Recently, Liu et al. [14] proposed a salient object detection model based on the combination of bottom-up and top-down approach [13]. It combined multi-scale contrast, center-surround histogram and color spatial distribution with conditional random field under maximum likelihood estimation (MLE) criteria. MLE is a well-known parameter estimation technique with many advantages [15]. It provides a consistent and asymptotically efficient approach for parameter estimation. It gives unbiased variance when sample size is large. It has approximate normal distributions and approximate sample variances that can be used to generate confidence bounds and hypothesis tests for the parameters, and has a lower variance in comparison to other methods. However, it is overshadowed by certain disadvantages: MLE can be heavily biased for small samples and is highly sensitive to the choice of starting values. MLE is a derivation based approach where the function should have an analytical form. Also, the solution does not converge all the time and is usually non-trivial for the numerical estimation. Also, Liu et al. [14] used a common linear weight vector, obtained by MLE, to combine the feature maps for all test images. This weight vector may not give better saliency results for images which are significantly different from the training set. The weight vectors for such images must be learned in such a way that they give better saliency results for their corresponding images.

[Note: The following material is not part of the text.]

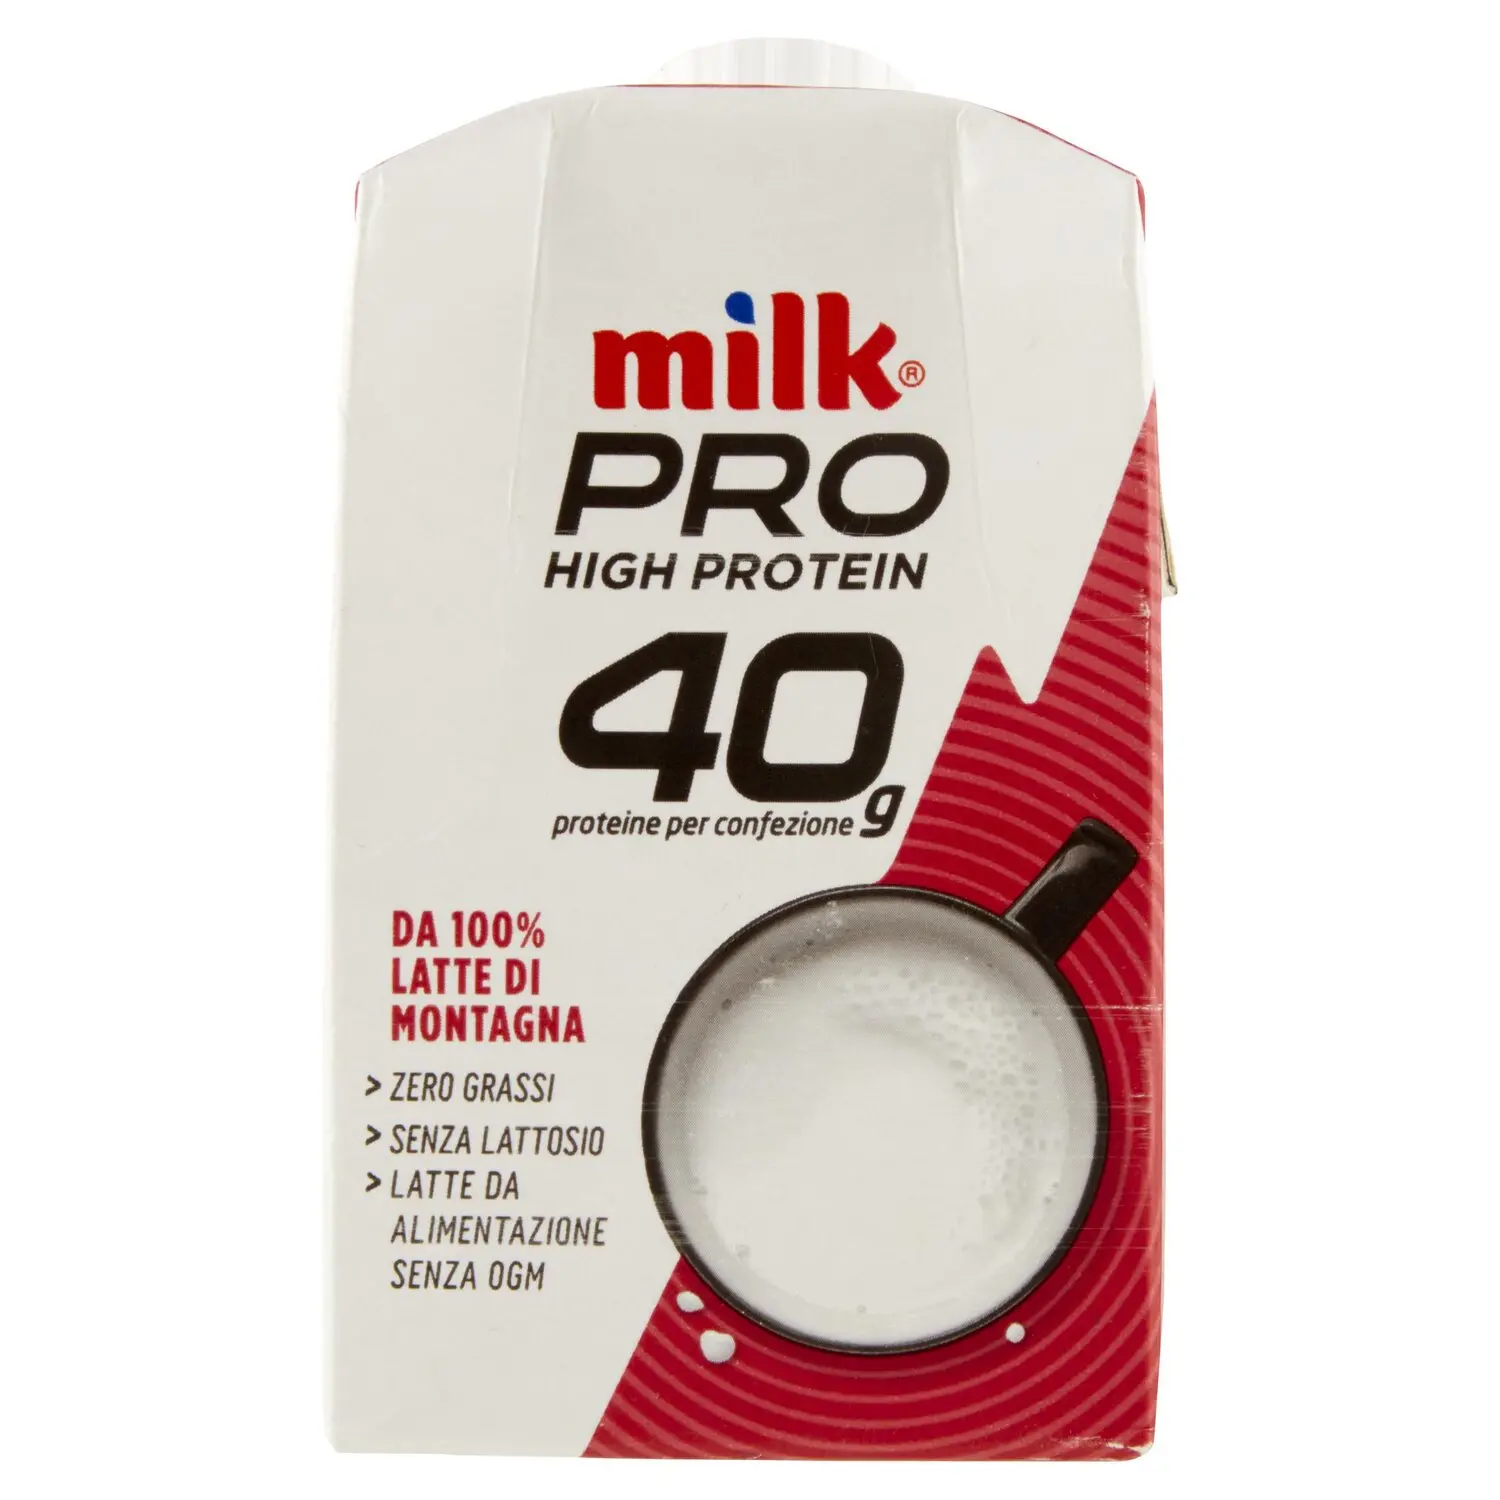 Milk Pro High Protein 40g da 100% Latte di Montagna 500 ml

In this paper, we used a modified form of Particle Swarm optimization (PSO) [16], a commonly used optimization method, to obtain weight vector in order to optimally combine the features extracted from the image. PSO utilizes the fitness function to obtain the optimal solution. For this we have proposed a new fitness function to obtain better saliency results. To check the efficacy of our proposed model, the performance is evaluated in terms of precision, recall, F -measure, area under curve and computation time. Experiments are carried out on a publicly available image dataset and performance is compared with Liu et al. [14] model and 10 other popular state-of-the-art models.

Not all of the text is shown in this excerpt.